What are the signs of frailty?

Data from a recent study, frailty status was strongly associated with health-related and social-demographic factors. The findings are useful when formulating and designing strategies to evaluate and manage frail elderly out patients.

Anonymous Patient Answer

What causes frailty?

Healthy ageing could be one of the underlying reasons for the association between frailty and all-cause mortality; however, further prospective analyses are required to clarify its mechanism.

Anonymous Patient Answer

What is frailty?

In this cross sectional study the relationship between frailty and health care utilization was explored. Results from a recent paper suggest that frailty is not a good predictor of increased health care utilization which further points to the need to further consider frailty as a proxy for age rather than for a specific disability status.

Anonymous Patient Answer

How many people get frailty a year in the United States?

There are many older adults living in the United States living at what is considered low risk for frailty (physical weakness, impaired mobility or sensory impairment).

Anonymous Patient Answer

What are common treatments for frailty?

Clinicians often find that a wide range of treatment options are available for frail elderly patients such as home-based or home-care services. For patients suffering from frailty, treatment is often tailored towards those who are more susceptible to deterioration and adverse outcomes such as hospitalizations.

Anonymous Patient Answer

What is the average age someone gets frailty?

For individuals with frailty, it often takes a long time to achieve frailty criteria, and for those who do, they are often frail for an extended period. Additionally, an older frailty definition is associated with a high prevalence of physical limitation and adverse effects of frailty in adults.

Anonymous Patient Answer

What does pause intervention usually treat?
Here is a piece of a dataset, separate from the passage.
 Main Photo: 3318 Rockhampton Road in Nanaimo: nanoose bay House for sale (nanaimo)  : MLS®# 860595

Most patients who received a 2-month hiatus intervention reported a more favorable health-related perception in all measured domains at follow-up compared to those who did not. In a recent study, findings may reflect improvements in perceived physical function, mental health, and self-perception as a result of the 2-month hiatus intervention. This is the first study to provide estimates on the effects of the 2-month hiatus intervention on these important outcomes following a long-term PA intervention.

Anonymous Patient Answer

Does frailty run in families?

Parents' perceptions of physical/mental health and cognitive decline are significantly associated with objectively ascertained indices of frailty that do not differ on their associations with other clinical indicators. Furthermore, the family history of frailty is a powerful predictor of age-adjusted mortality risk.

Anonymous Patient Answer

What is the latest research for frailty?

frailty varies in different populations with many sub-populations. Older persons are at risk for frailty. Recent research indicates the possibility of frailty at all ages, but especially in old age. The impact of frailty is very large, influencing overall health, daily functioning, psychological and social well-being. It is associated with increased healthcare use and institutionalization.

Anonymous Patient Answer

Have there been other clinical trials involving pause intervention?
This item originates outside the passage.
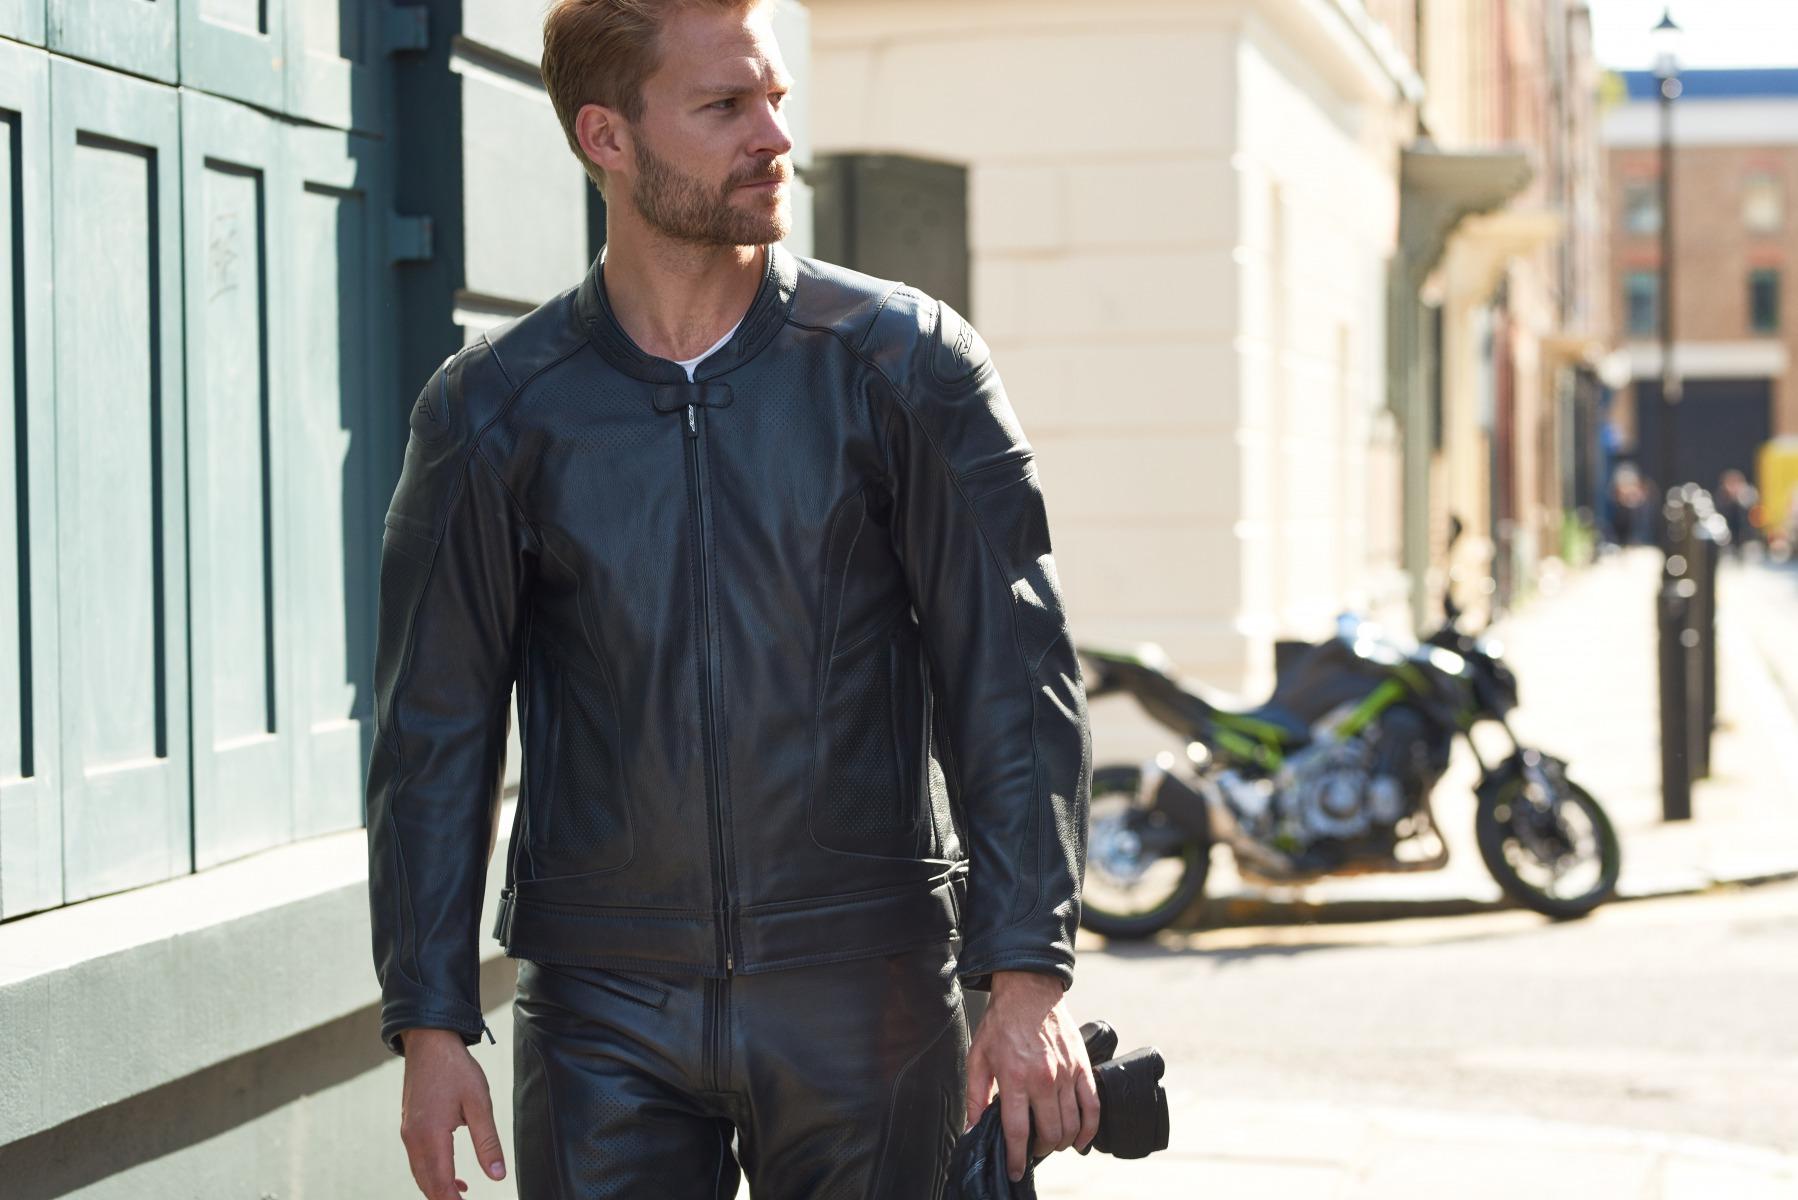 102190-rst-gt-leather-jacket-black-lifestyle-01

The study's results were similar to previous research on the subject, and indicate the need for additional research on this specific intervention. Future studies may address the long-term maintenance of benefits. Other randomized controlled trials on the subject may also examine the effects of more intensive intervention or the initiation of treatment at earlier stages.

Anonymous Patient Answer

Who should consider clinical trials for frailty?
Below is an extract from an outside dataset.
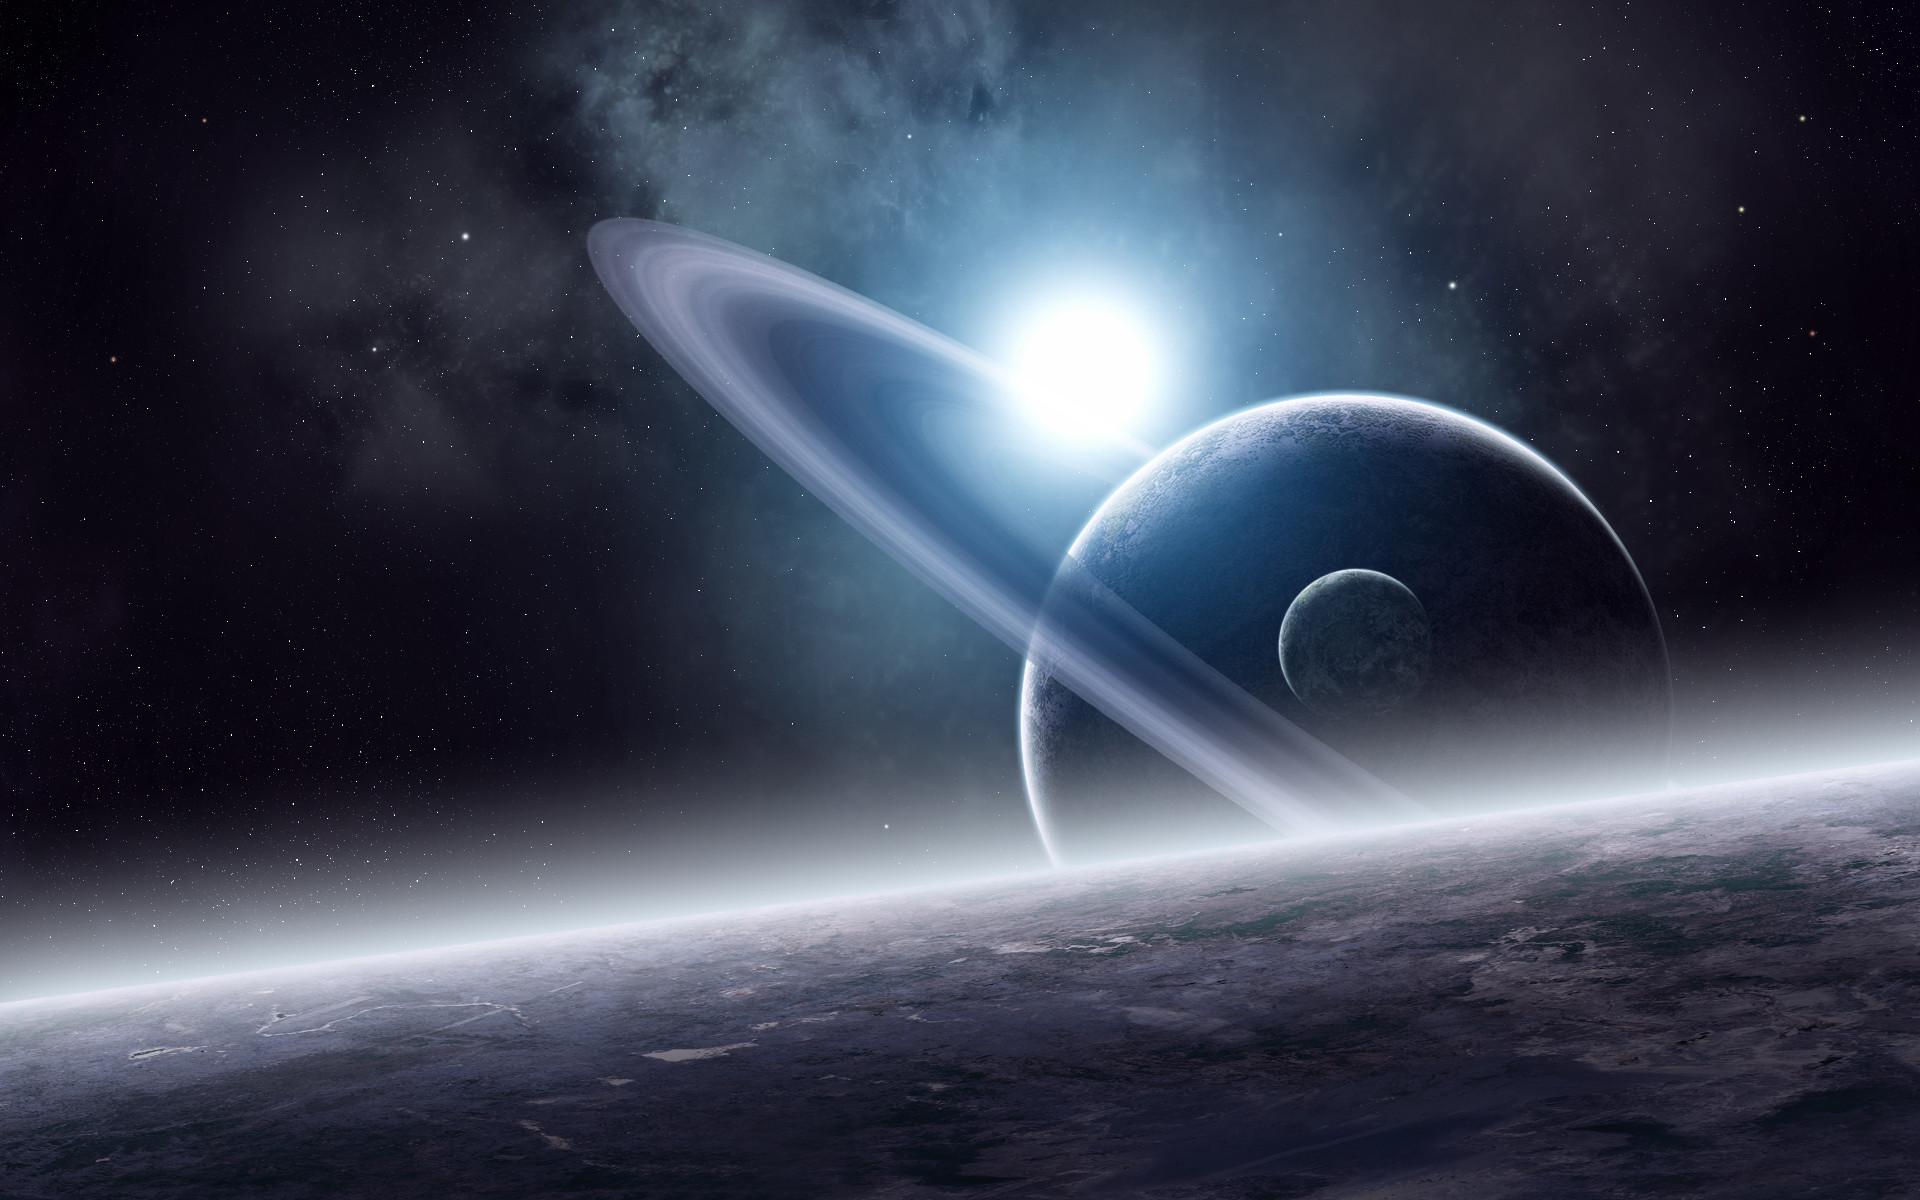 Astronomy Desktop Backgrounds (59+ images)

Physicians with experience in evaluating older patients of frailty can identify the patients most likely to benefit from a clinical trial. These patients can be identified as recipients of the smallest sample sizes in an intervention group and most likely to perceive the intervention as being most helpful. Physicians should consider offering clinical trials tailored specifically for frail patients, who might benefit more from the intervention than might most or any more frail patients.